A painstaking search of Marsascala’s seabed yesterday revealed the dead body of Charles Brignone, 44, lodged against a reef, 24 hours after he had gone missing.

Rescue teams had been scouring Żonqor Point since Sunday afternoon, when Mr Brignone was first presumed missing after failing to return from a snorkelling trip.

The search was halted overnight and resumed at first light yesterday, with both Armed Forces of Malta and Civil Protection Department underwater rescue teams combing the area as friends and family watched from ashore.

Their hunt came to a sad end at 11.15 a.m., when Mr Brignone’s body was found underwater. Onlookers said he was wearing a dark wetsuit, making him harder to spot. Although he was still wearing his weight belt, a buoy originally attached to him was found adrift.

‘He warned his son’

Police are investigating the case, while Magistrate Consuelo Scerri Herrera has ordered an inquiry into his death.

Mr Brignone had taken time off his job as a tile layer to camp in the Żonqor area with his wife and son. It was something the family did together every year, choosing to set up a tent in Żonqor after authorities had made it illegal to camp in Ċirkewwa.

He set off on one of his customary underwater expeditions just before 10 a.m. on Sunday. When he had failed to return four hours later, alarm bells started ringing.

While a rescue team brought Mr Brignone’s body to the surface before transferring it to a waiting search and rescue boat, friends and family stood gripped against promenade barriers, watching their worst fears unfold before their eyes.

Relatives described a kind, jovial man whose two great passions were Brazil’s national football team and the feast of the Immaculate Conception in his Cospicua hometown.

His childhood love for the selecao stretched into his adult years, leading him to name his 15-year-old son after Brazilian football legend Romario and his Tarxien home, Casa Brazil.

He played football himself, as a strapping stopper with a keen defensive eye, with amateur teams in Cospicua and Sta Venera as well as St George’s. And although Mr Brignone lived in Tarxien, he only had eyes for his hometown Cospicua, his best friend David Vella said.

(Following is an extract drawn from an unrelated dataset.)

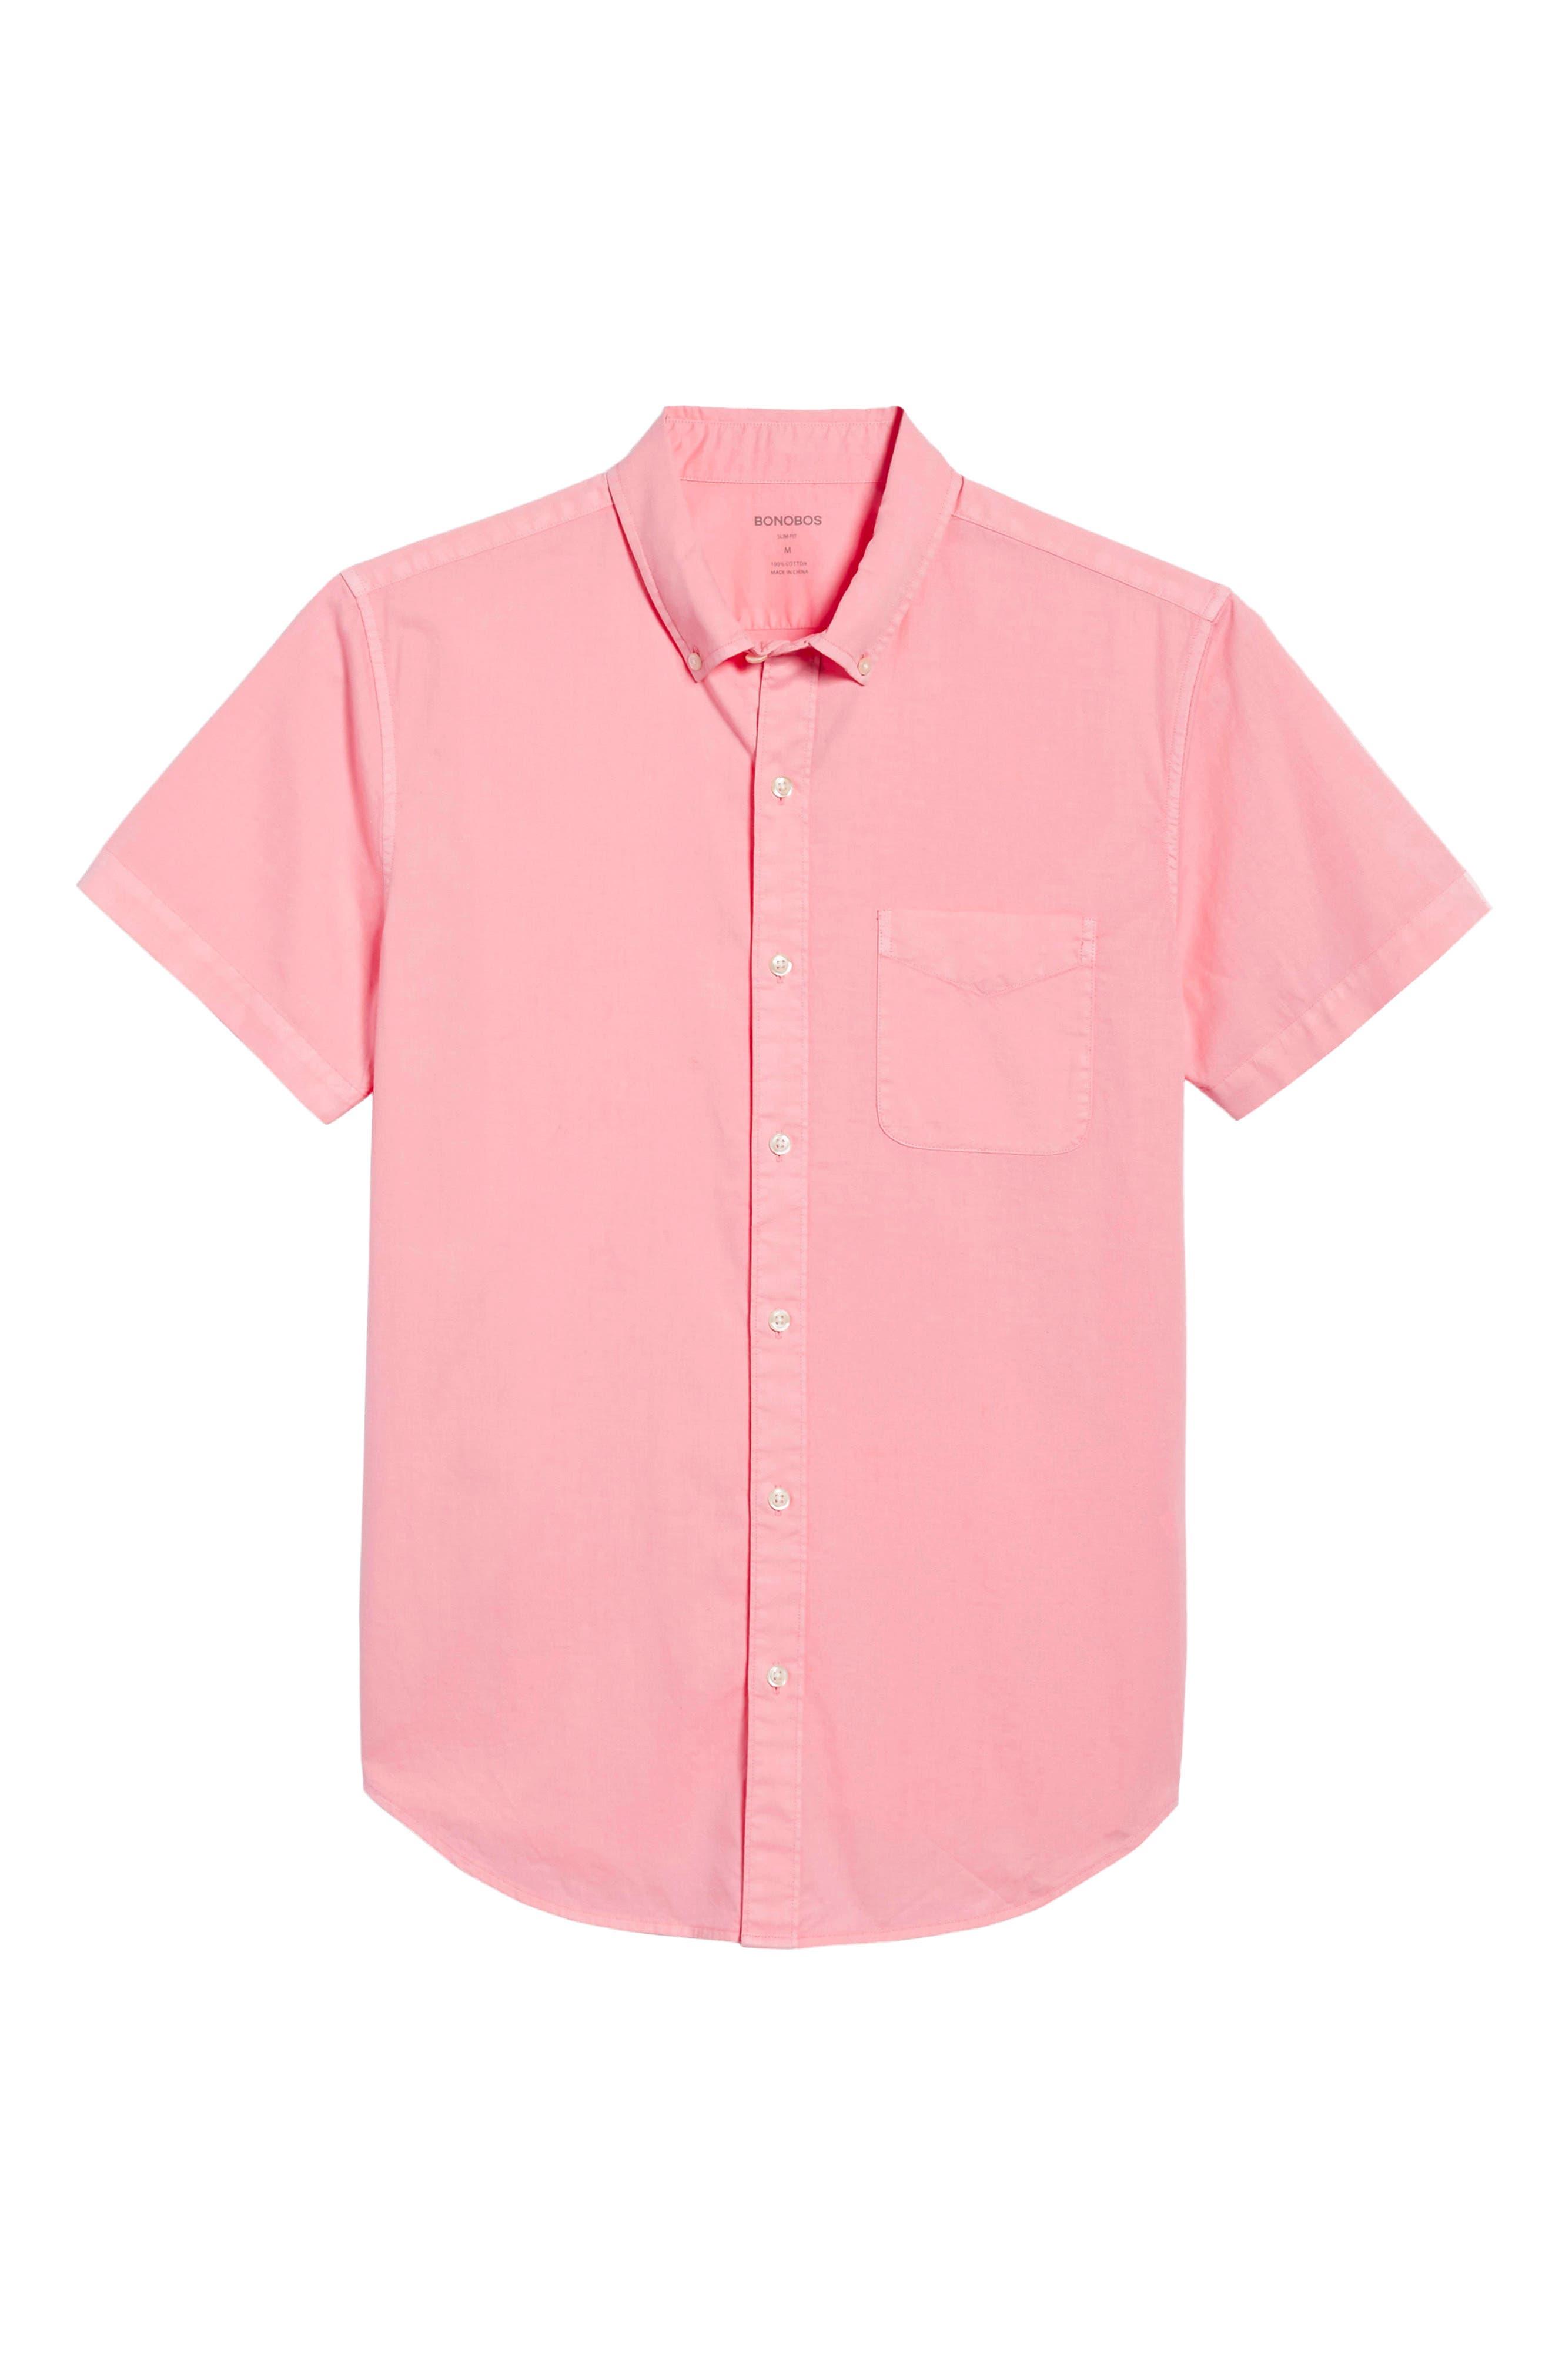 Slim Fit Short Sleeve Sport Shirt,                             Alternate thumbnail 6, color,                             Garment Dye - Pacific Pink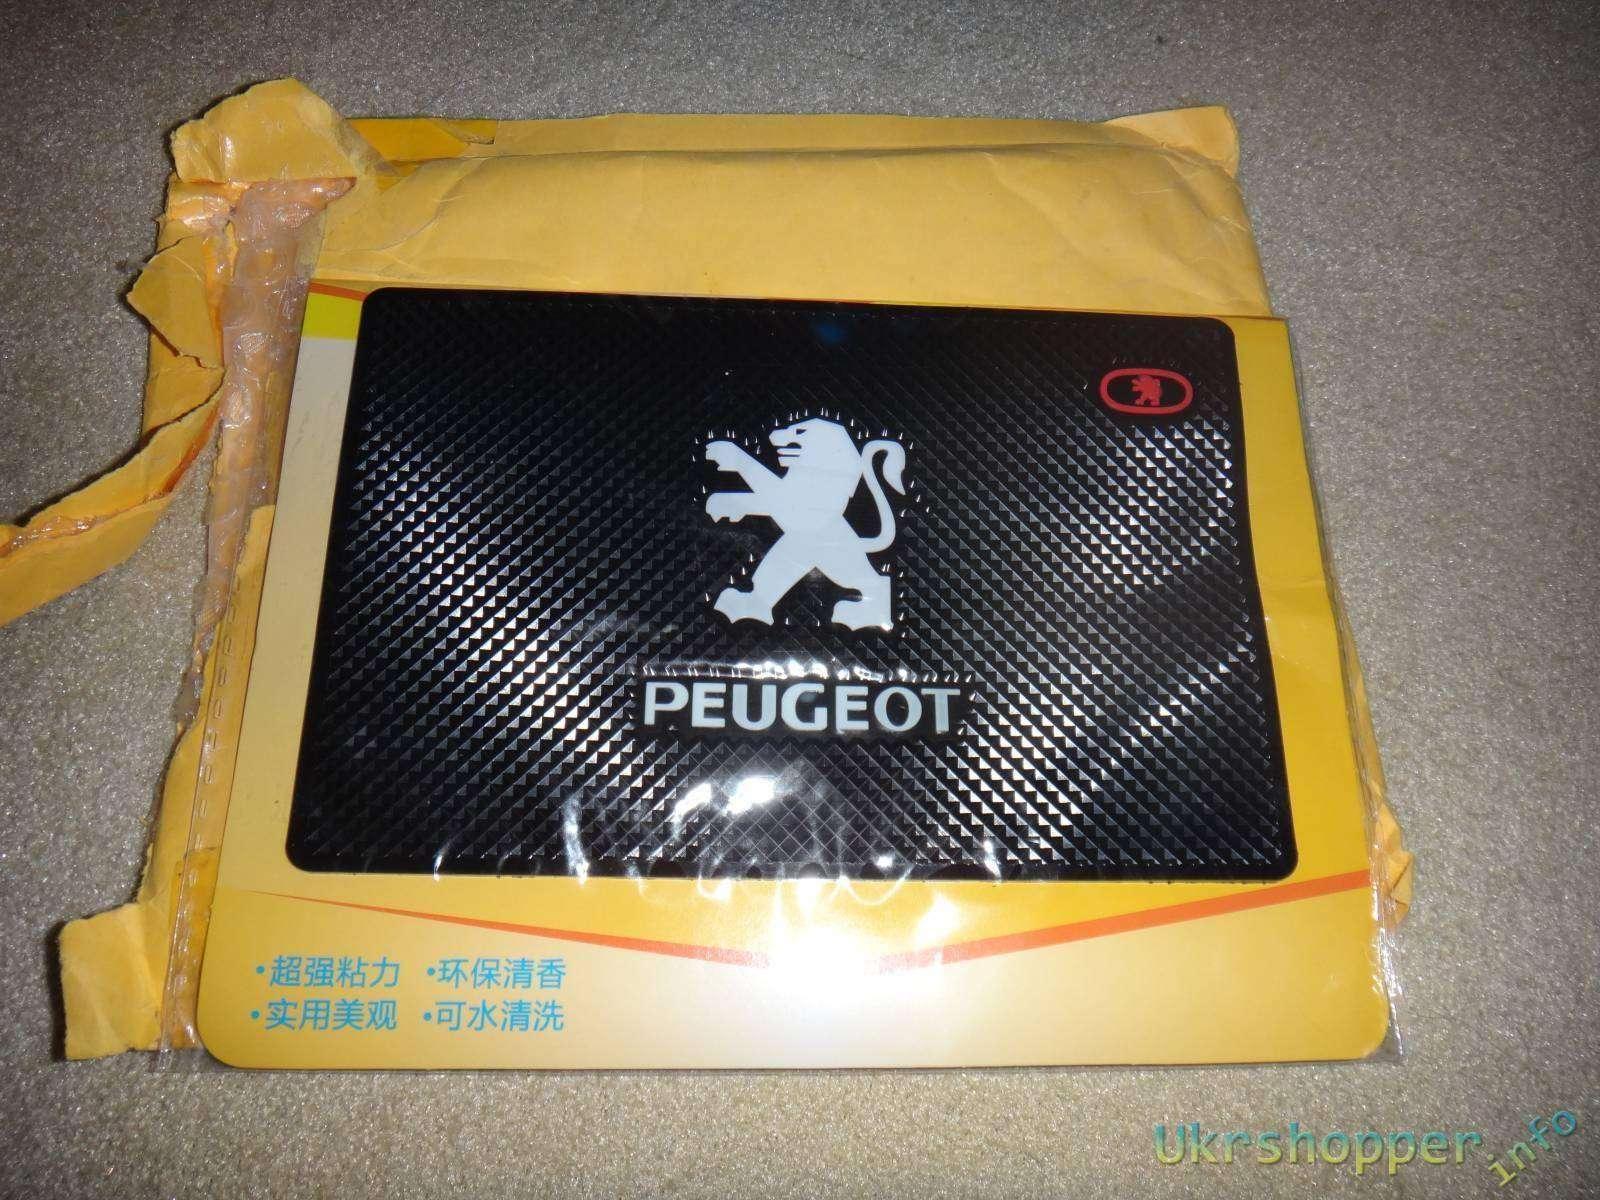 Ebay: Обзор антискользящего коврика для любителей марки Peugeot

“He was mad about our parish feast. Whenever a volunteer was needed, Charles was the first with his hand up. He carried Our Lord’s statue on Good Friday and he took an active role in organising the feast every year. Cospicua has lost an angel.”

As Mr Vella struggled to keep his composure, he reminisced about growing up together, thinking back to their childhood days of playing football in a communal yard.

“We were like blood brothers. Then he fell in love with, and married, my cousin. He was so proud of Romario, who recently starting rowing for Cospicua’s under-15 regatta team. And to think, his father had warned him not to go snorkelling at Żonqor Point just yesterday...”

Mr Brignone’s cousin, Carmen Bugeja, picked up where he left off. “They were the perfect couple. So bubbly, positive and full of life. It’s so hard to believe this has happened.”

She blinked the tears back. “But at least they’ve found his body. It would have been much worse if we were all just left wondering. It’s not much, but at least it’s some form of closure.”